藤山小児童が食品リサイクルを学習

宇部市環境教育・学習ビジョンのモデル校に指定されている藤山小(生田光徳校長)の4年生98人が6日、宇部テクノパーク内にあるアースクリエイティブリサイクルセンターを訪れた。児童たちは、捨てられた食べ物を家畜の飼料にする設備などを見学。持ち込まれた廃棄量の多さに「もったいない」と声をそろえ、一人一人にできる環境に優しい取り組みについて考えた。

同ビジョンは、持続可能な社会の実現に向け、市民、企業、行政の協働による環境保全活動の実践と広がりを目的に、昨年8月に策定。学校での環境教育の推進を施策の一つに掲げ、同校をモデル校に指定した。同校と市が作成したプログラムに沿い、環境について学ぶ4年生を中心に1年間、授業を行う。

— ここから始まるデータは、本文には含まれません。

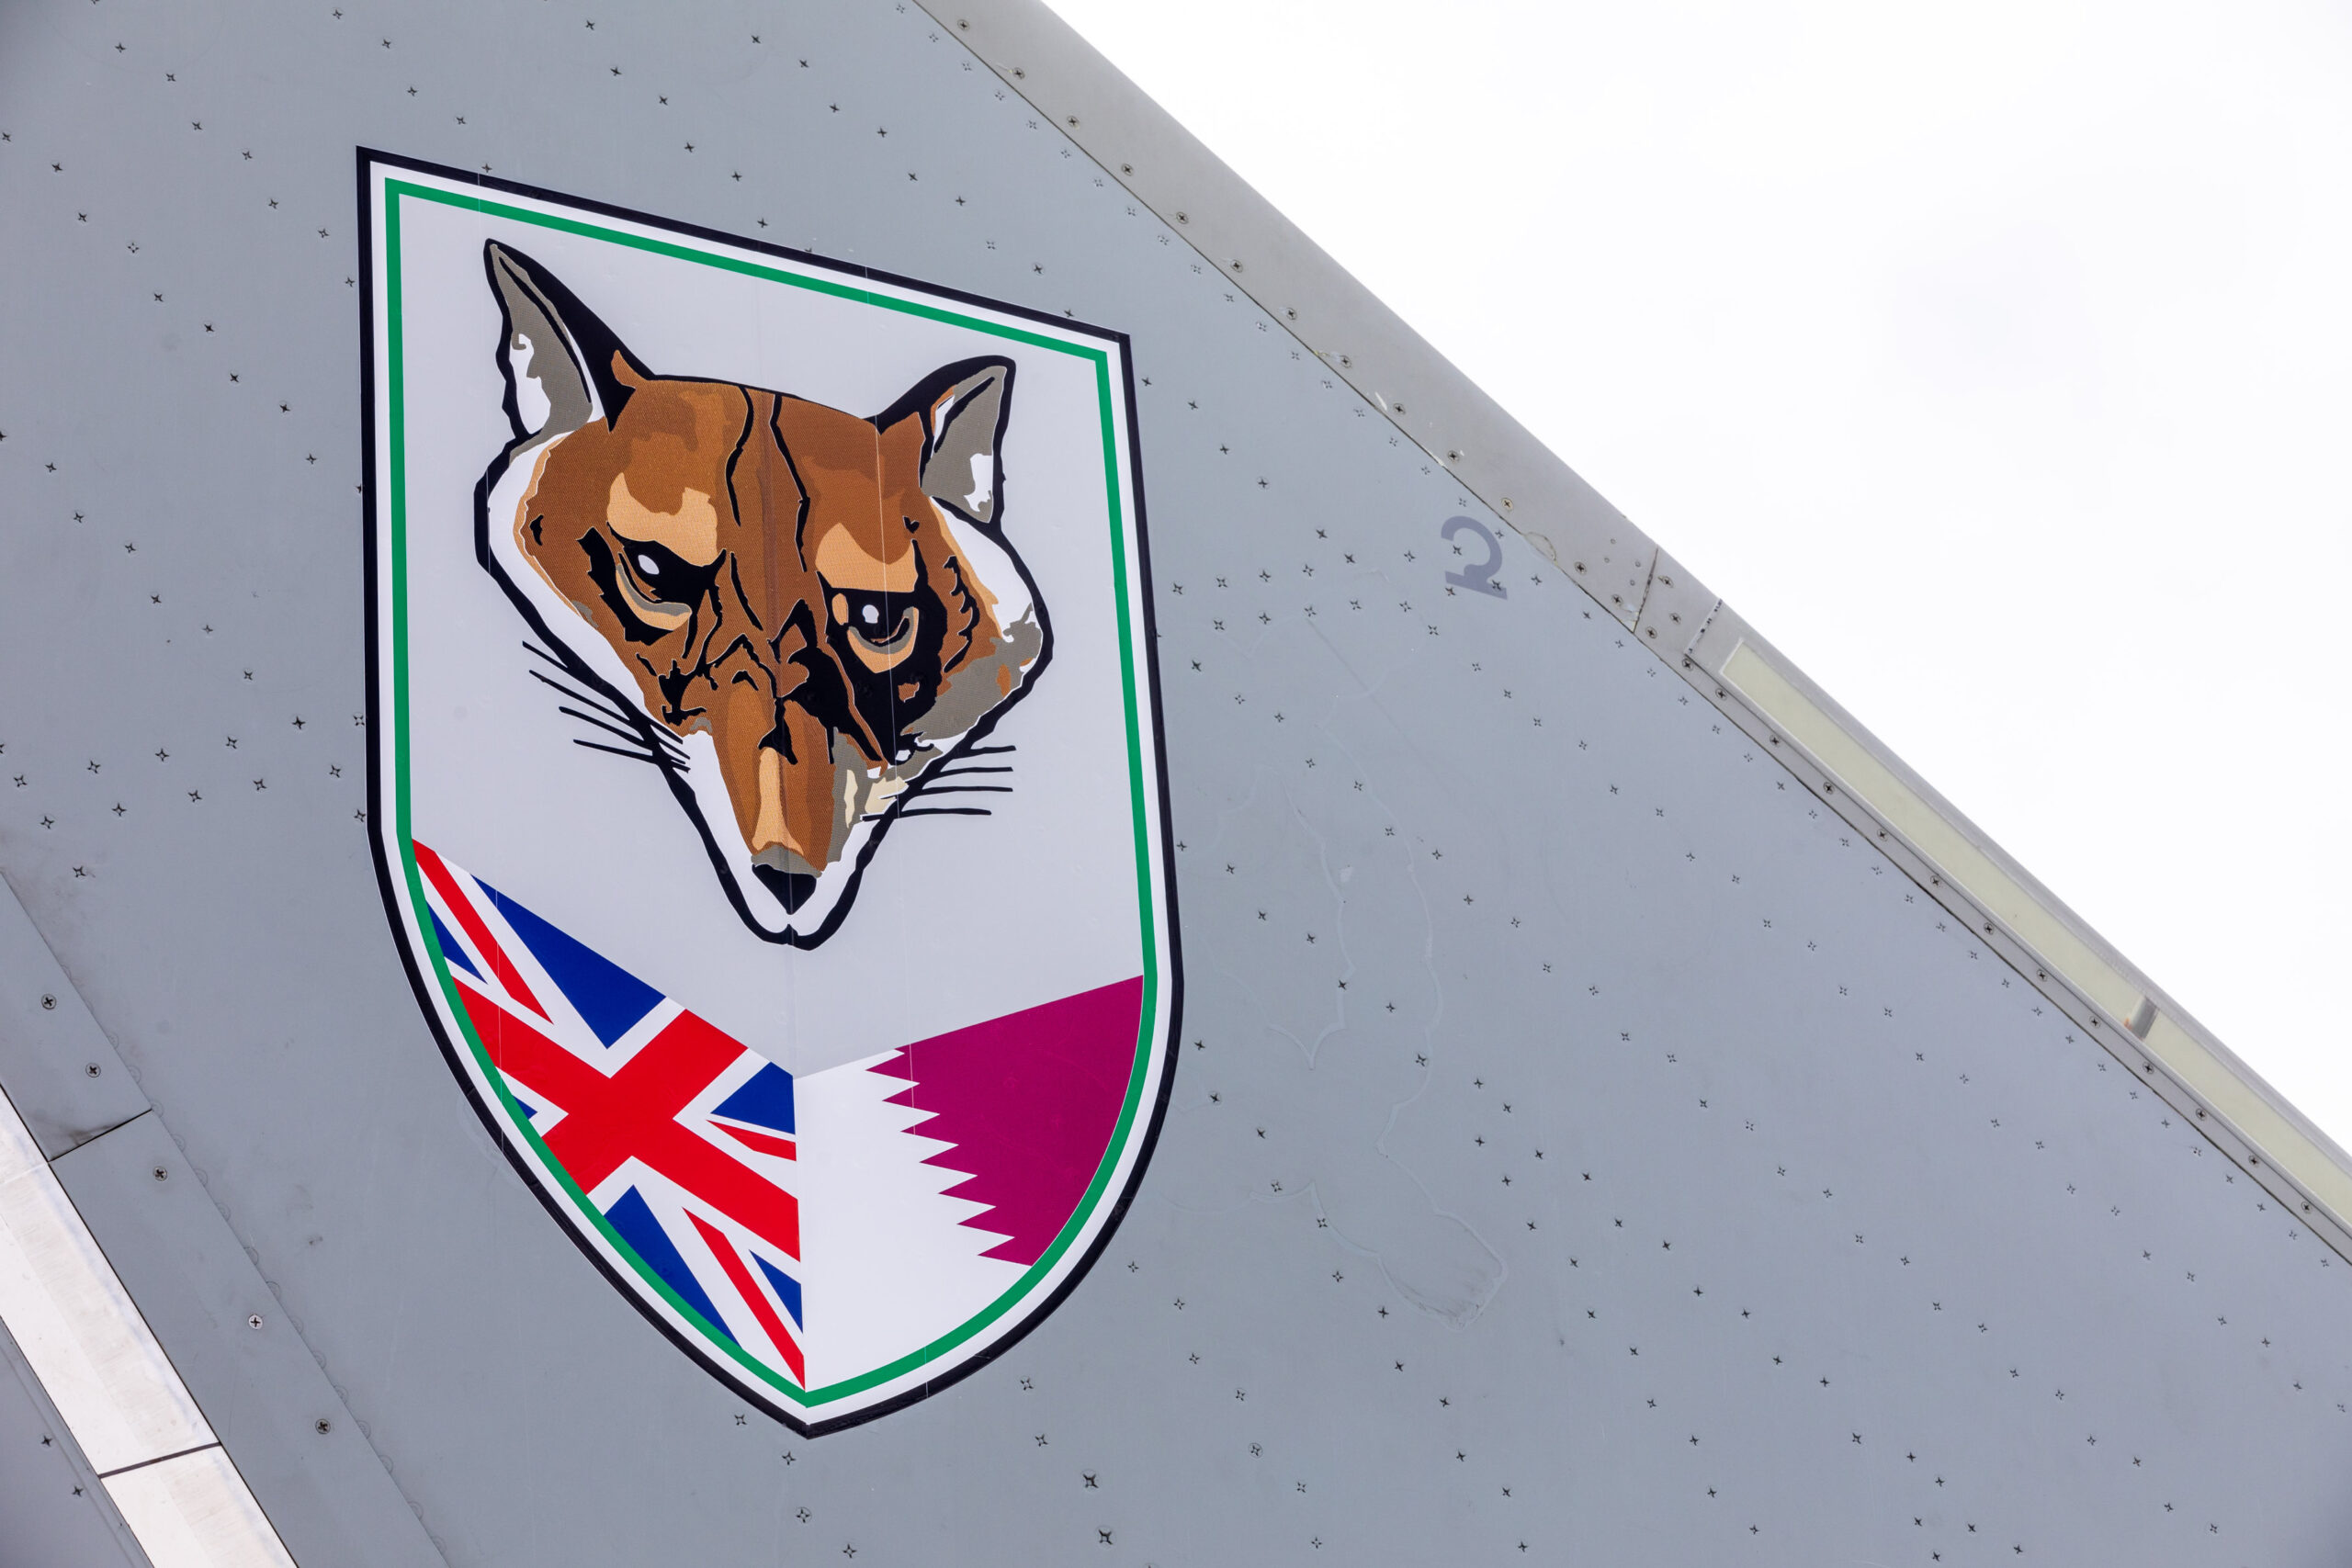 The Royal Air Force and Qatar Emiri Air Force (QEAF) Typhoon Squadron, known as No.12 Squadron, have marked an important milestone as they commenced flying as a Joint Squadron today.Based at RAF Coningsby, and later in Qatar, No.12 Squadron is a unique initiative between the UK and Qatar and will provide the QEAF with valuable experience operating the Typhoon as they prepare for their first delivery of the aircraft. Due to be delivered in 2022, the aircraft are part of a £5.1 billion deal between BAE Systems and the Government of Qatar. The flags of both nations were raised at RAF Coningsby today as Typhoons with new Squadron markings flew for the first time, signalling the Squadron’s readiness to train pilots and ground crew from both air forces. The UK has a long history of working with international partners into our Armed Forces, with such defence engagement recognised as key to strengthening partnerships and promoting our national interest. However, No. 12 Squadron is the first Joint Squadron in the RAF since the Second World War and Battle of Britain. The Joint Squadron was stood up on 24 July 2018 and will drive closer collaboration between the RAF and QEAF, putting our bilateral security and defence relationship on a long-term and sustainable footing.

プログラム授業はこの日がスタートで、児童たちは沖宇部の環境保全センターの次にリサイクルセンターを訪問。残渣(ざんさ)を飼料へと再生するエリアでは、県内のホテルやコンビニ、飲食店、食品製造工場などから、毎日平均して持ち込まれる8㌧の売れ残りや食べ残しの〝山〟を目の当たりにした。パンの賞味期限を確認した児童からは「きのう切れたばかりなのに」という、ため息に近い言葉が聞かれた。

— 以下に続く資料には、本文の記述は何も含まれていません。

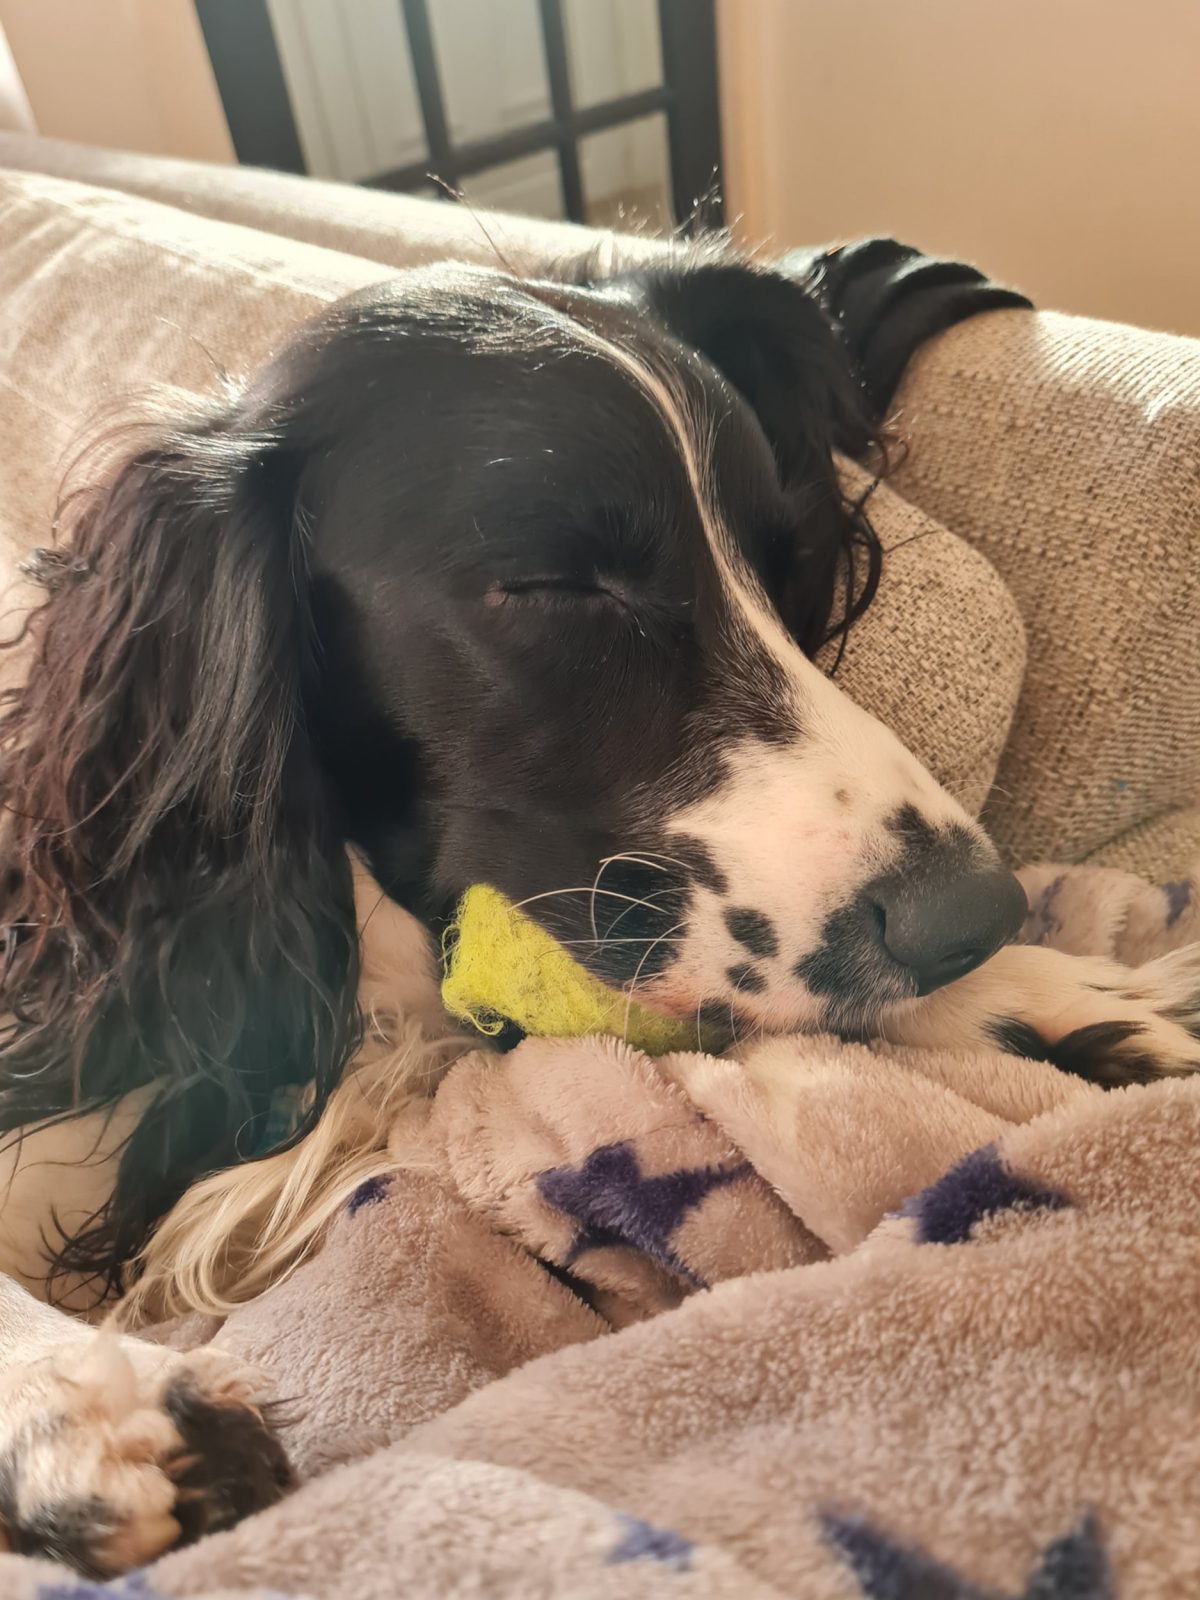 Griffin fast asleep with the tennis ball by his jaw

水分や油分を大型機械で抜いて飼料にする工程を見聞きしたり、生ごみ独特の臭いを嗅いだり。廃プラスチックごみや廃食油などを再利用する仕組みも見学し、同センターの業務を五感で学んでいた。

松浦愛依さんは「廃棄される食べ物があまりにも多くて、もったいないと思った。家畜の餌にリサイクルされていることも勉強になった。普段ほとんど食べ残しはしないが、きょうのことを家族にも話して見直してみたい」と感想を語った。

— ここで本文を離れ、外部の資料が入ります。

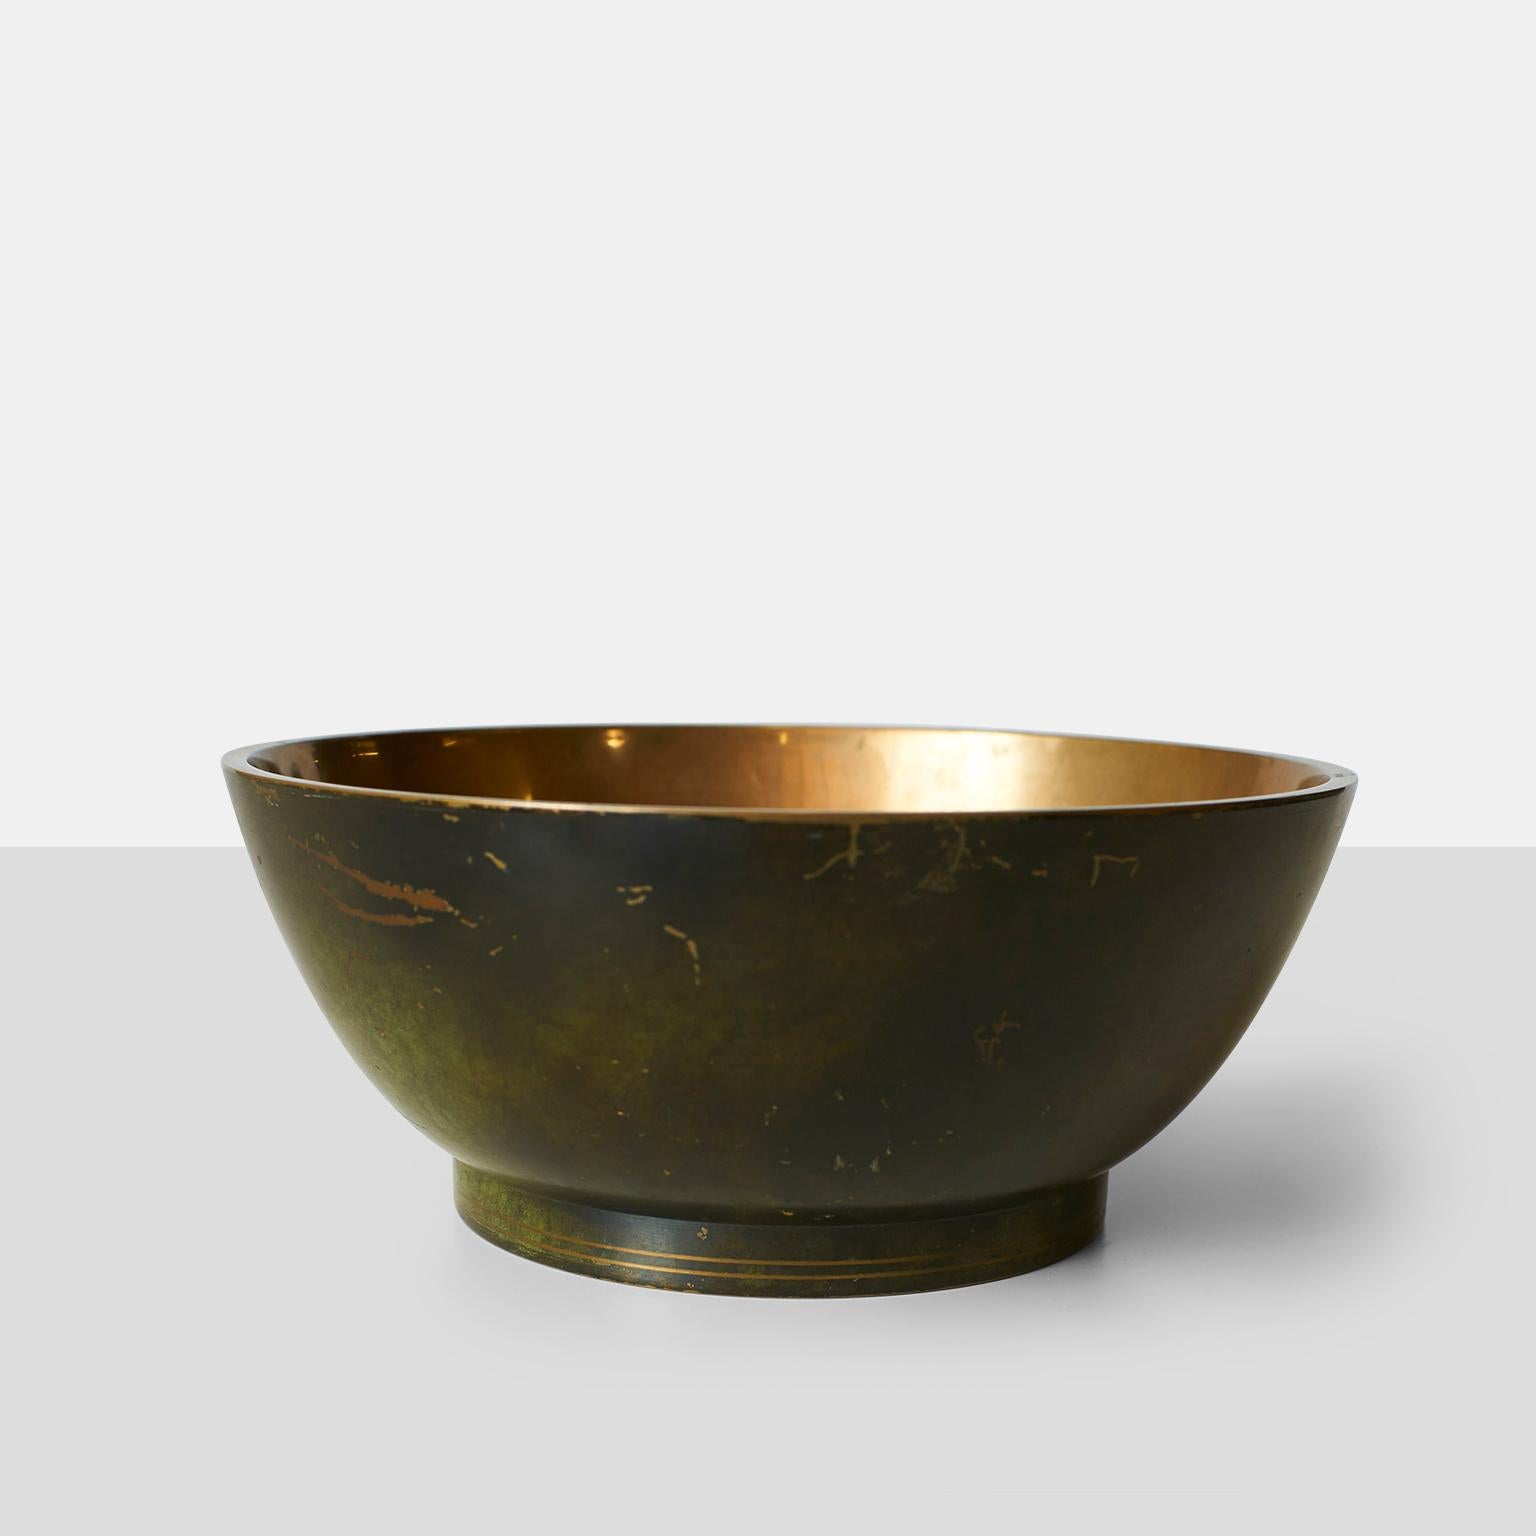 A patinated bronze bowl with highly polished interior. The rim of the foot has a relief pattern of concentric stripes. Designed and manufactured by Krone Bronce in Denmark. Stamped with the makers mark on the base.

9日には、教員の授業力向上を目的に、玉川大の谷和樹教授を同校に招聘(しょうへい)。段ボールコンポスト作りや、その堆肥で育てたパンジーを2分の1成人式で家族に贈るなど、計13時間の授業を予定する。プログラムは随時検証しながら来年度以降、市内のどの学校でも使える内容に改良していく。